La Prima Sezione Civile della Corte di Cassazione, con l’ordinanza in commento, si è pronunciata sul ricorso presentato dal padre di una minore avverso la decisione della Corte d’Appello che aveva confermato l’affidamento esclusivo della figlia alla madre, con incontri padre-figlia da svolgersi in modalità protetta presso i servizi sociali. La Suprema Corte ha dichiarato integralmente inammissibile l’impugnazione, articolata in dieci motivi, ritenendo che le doglianze formulate dal ricorrente si risolvessero in inammissibili richieste di rivalutazione del merito.
Il principio centrale ribadito dai giudici di legittimità riguarda i presupposti dell’affidamento monogenitoriale. Pur ricordando che il regime ordinario, in armonia con il valore costituzionale e convenzionale della bigenitorialità sancito dall’art. 337-ter c.c., resta quello dell’affido condiviso, la Corte ha confermato che il giudice di merito può legittimamente discostarsene quando emergano elementi concreti e oggettivamente verificabili tali da rendere l’affidamento condiviso contrario all’interesse del minore, secondo quanto previsto dall’art. 337-quater c.c.

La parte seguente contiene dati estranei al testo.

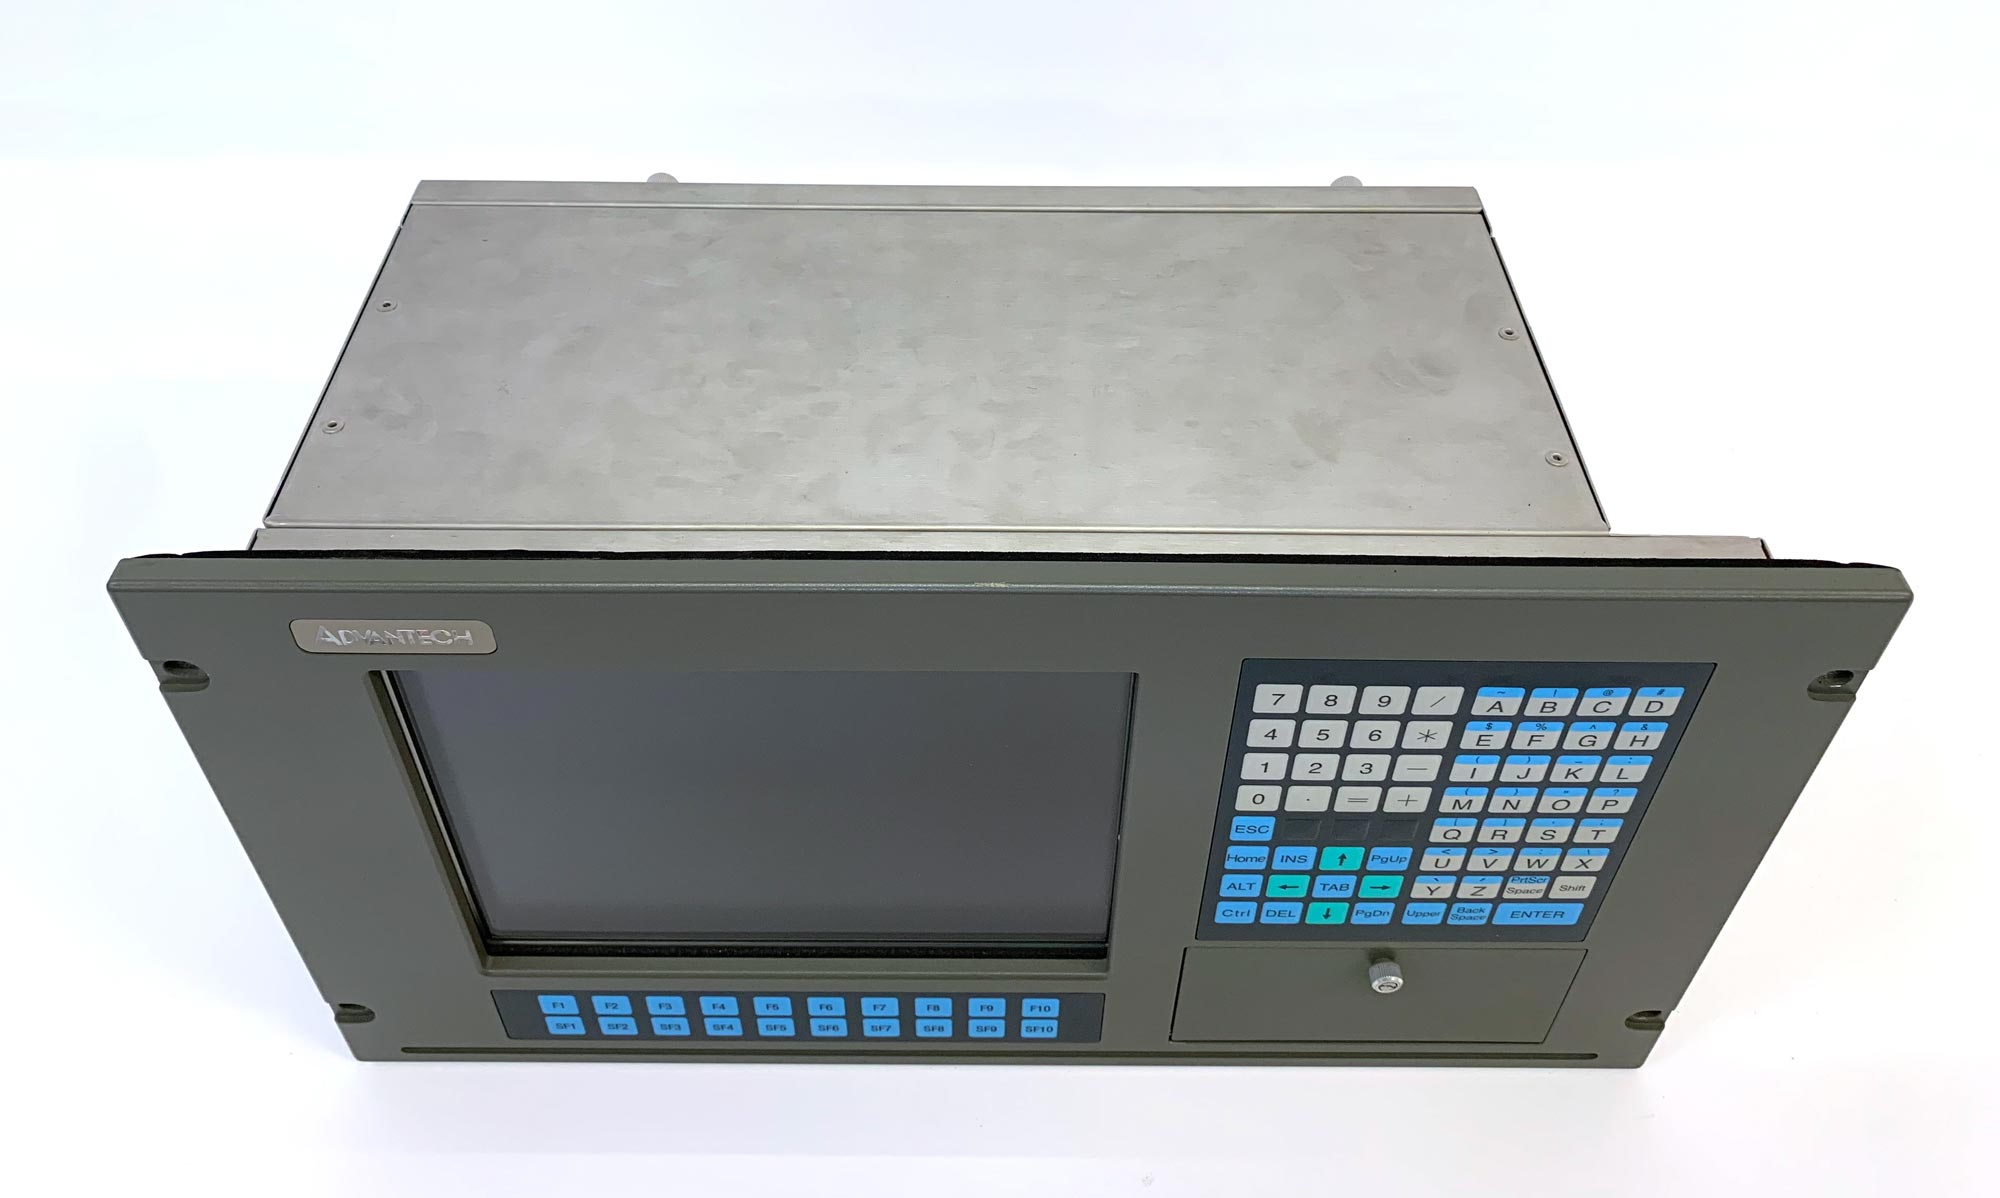 AWS-843 - Industrie Workstation mit 10,4" LCD Display

Nel caso esaminato, la Corte territoriale aveva valorizzato non soltanto condotte violente attribuibili al genitore ricorrente, ma anche specifiche determinazioni pregiudizievoli per il benessere della bambina: in particolare, l’opposizione alle vaccinazioni obbligatorie e gli ostacoli frapposti al regolare percorso scolastico. La Cassazione ha ritenuto che si tratti di circostanze dotate di effettiva pregnanza, idonee a sorreggere la scelta dell’affido esclusivo materno e sottratte al sindacato di legittimità, in quanto frutto di apprezzamento di fatto non rivisitabile nella sede di legittimità.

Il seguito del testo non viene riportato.